### Exercise input
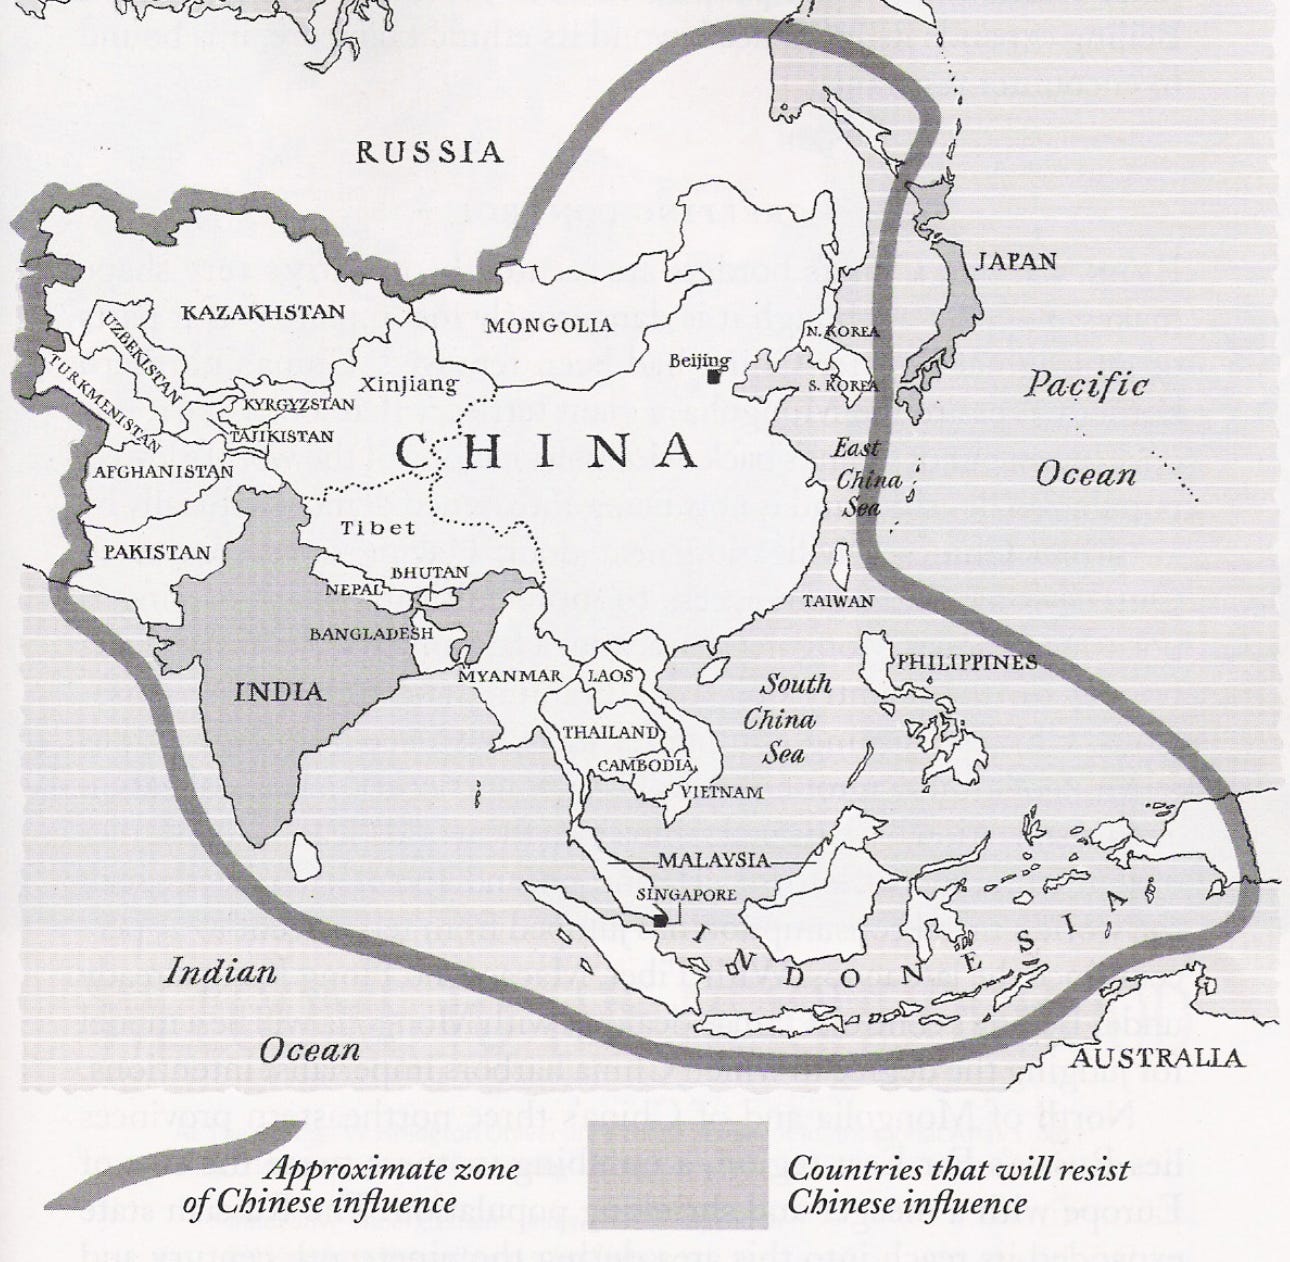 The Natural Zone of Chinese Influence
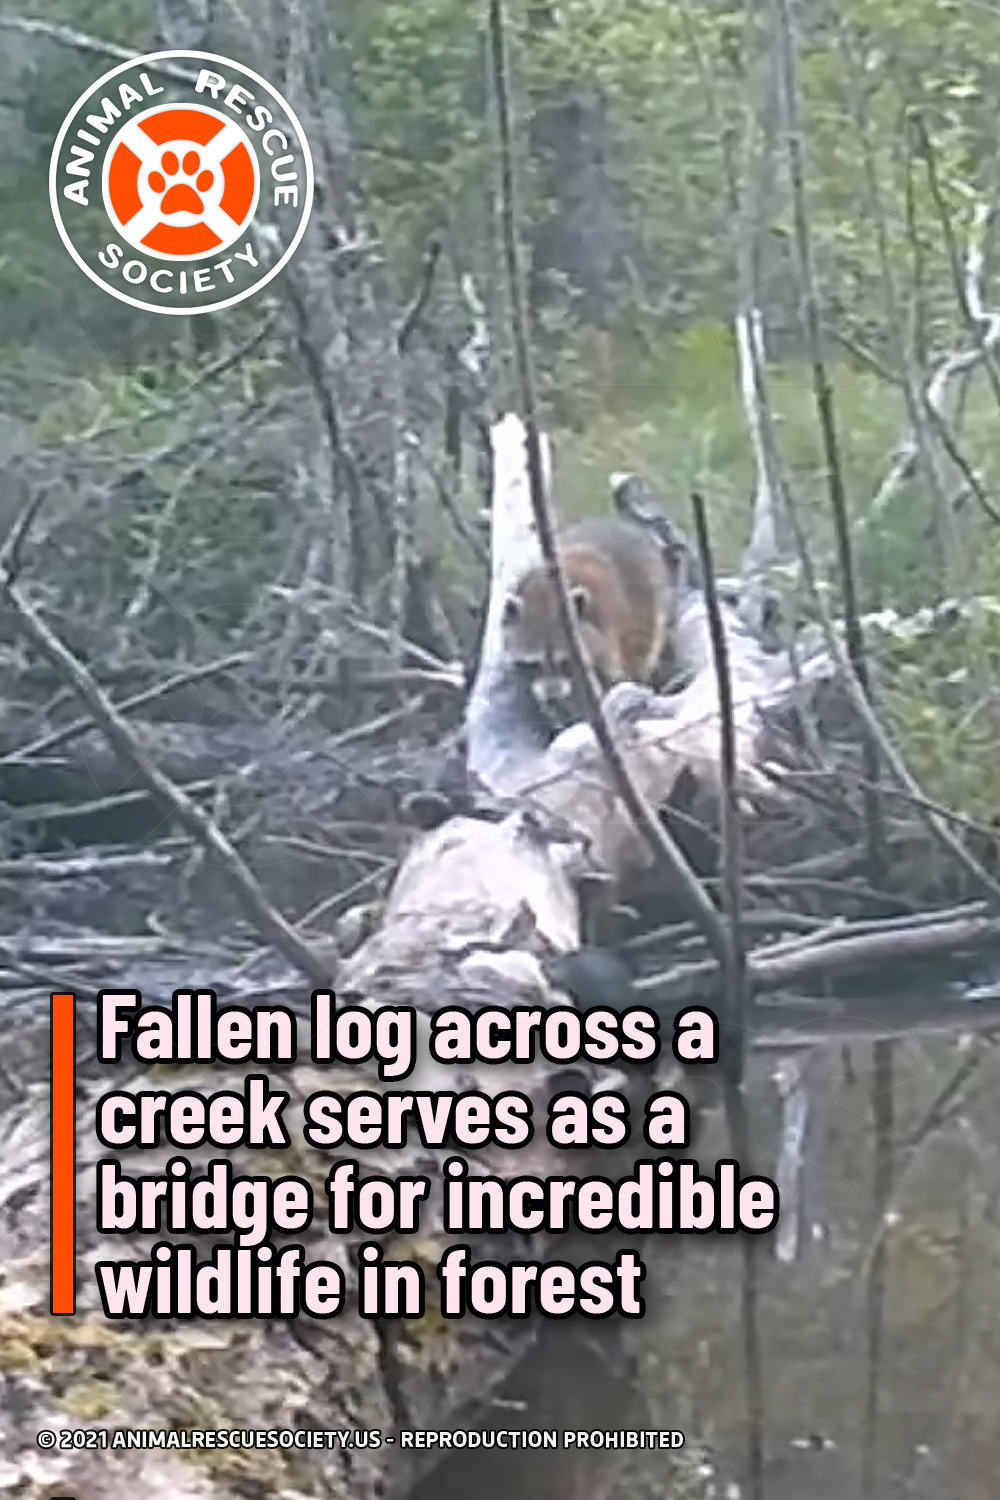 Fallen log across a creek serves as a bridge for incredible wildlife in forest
* * *
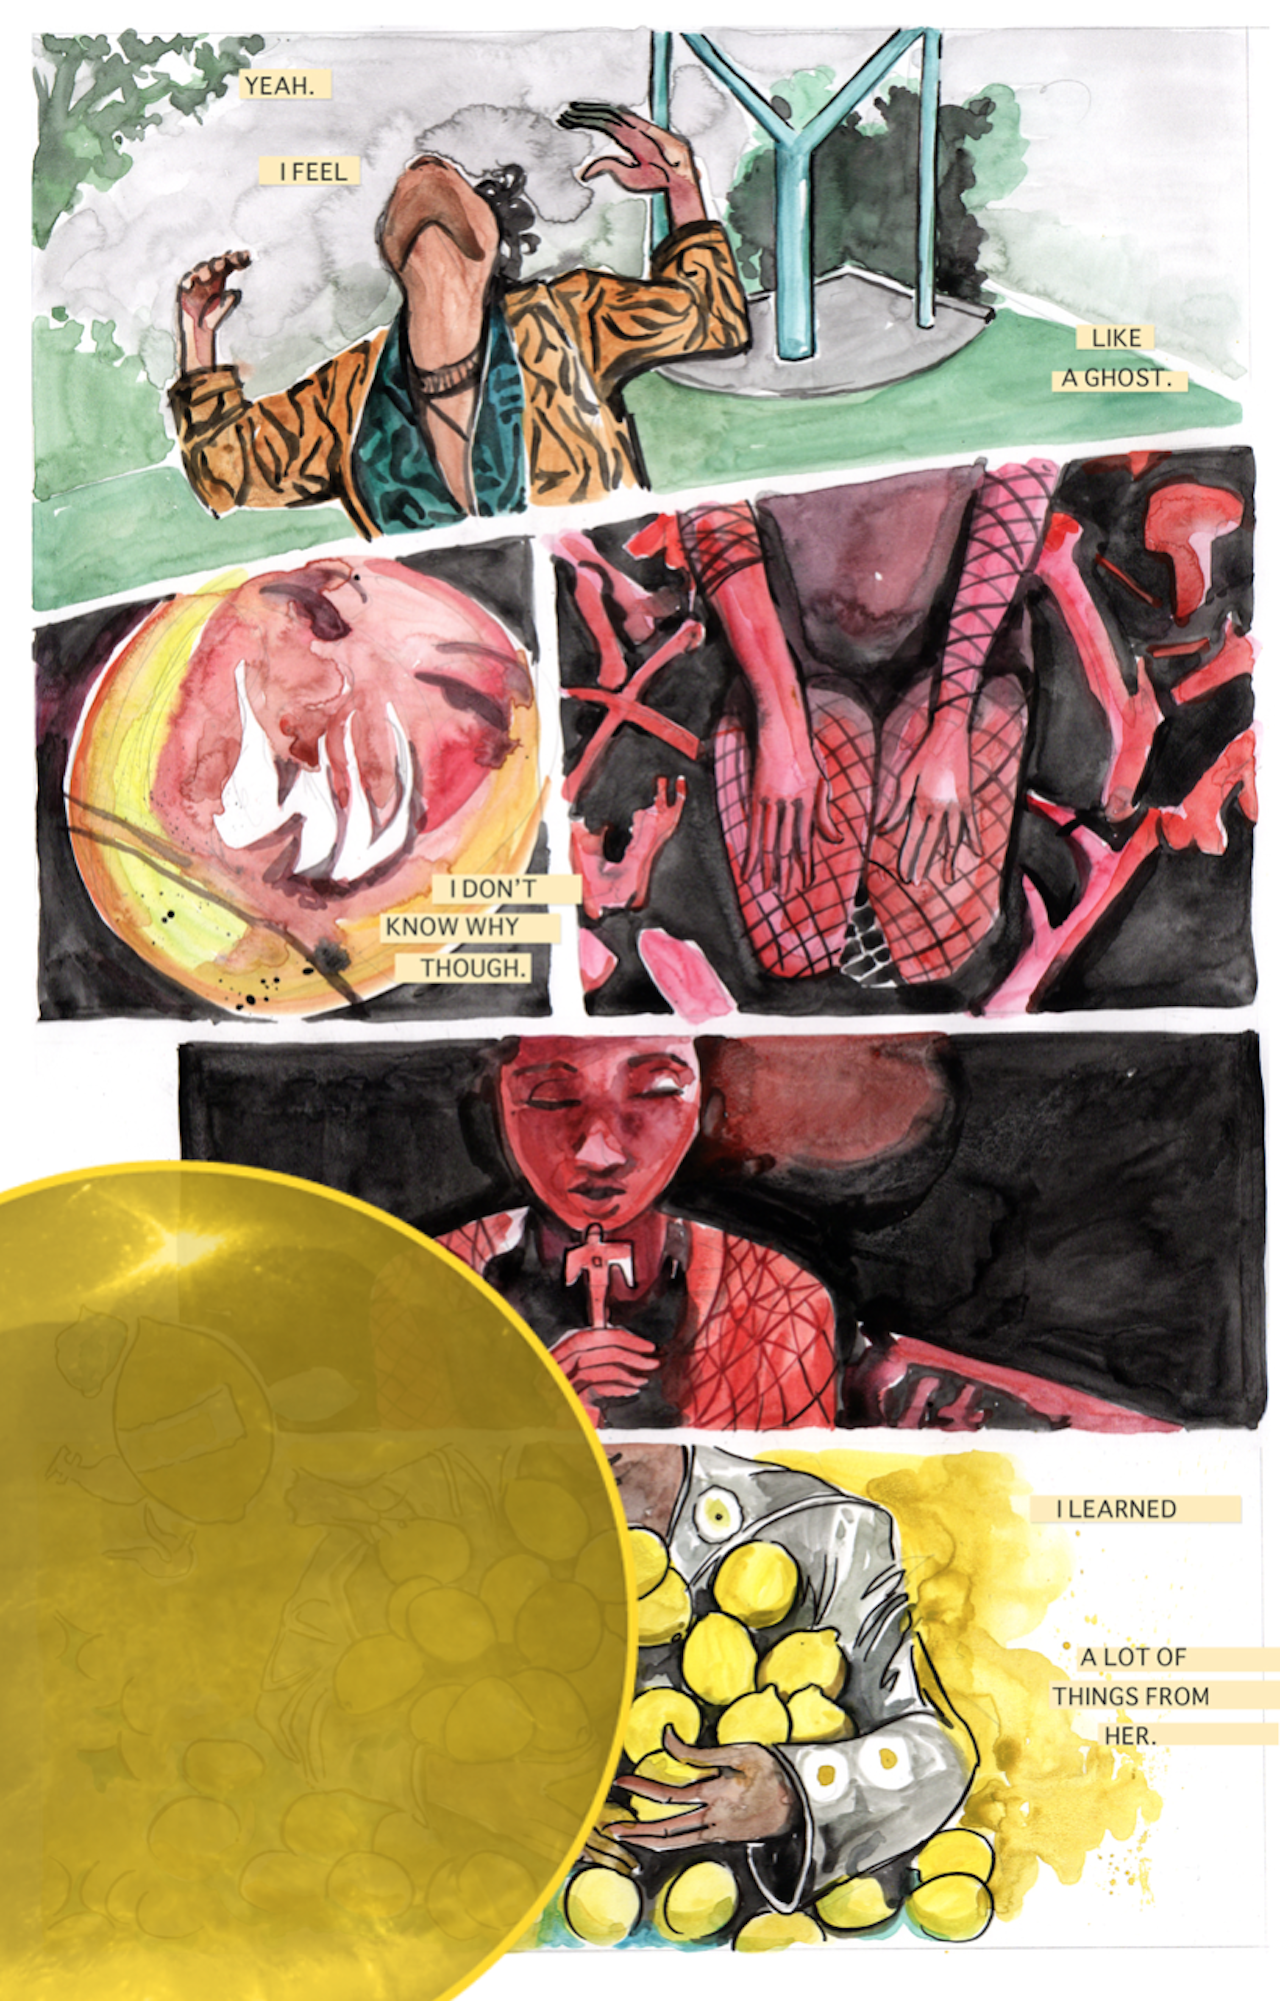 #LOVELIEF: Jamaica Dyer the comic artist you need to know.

### What to work on
In the listing above, find the line with "The Natural Zone of Chinese Influence" and the line with "Fallen log across". Set down exactly those lines and everything between them, skipping pictures.

### Output of the exercise
 The Natural Zone of Chinese Influence
 Fallen log across a creek serves as a bridge for incredible wildlife in forest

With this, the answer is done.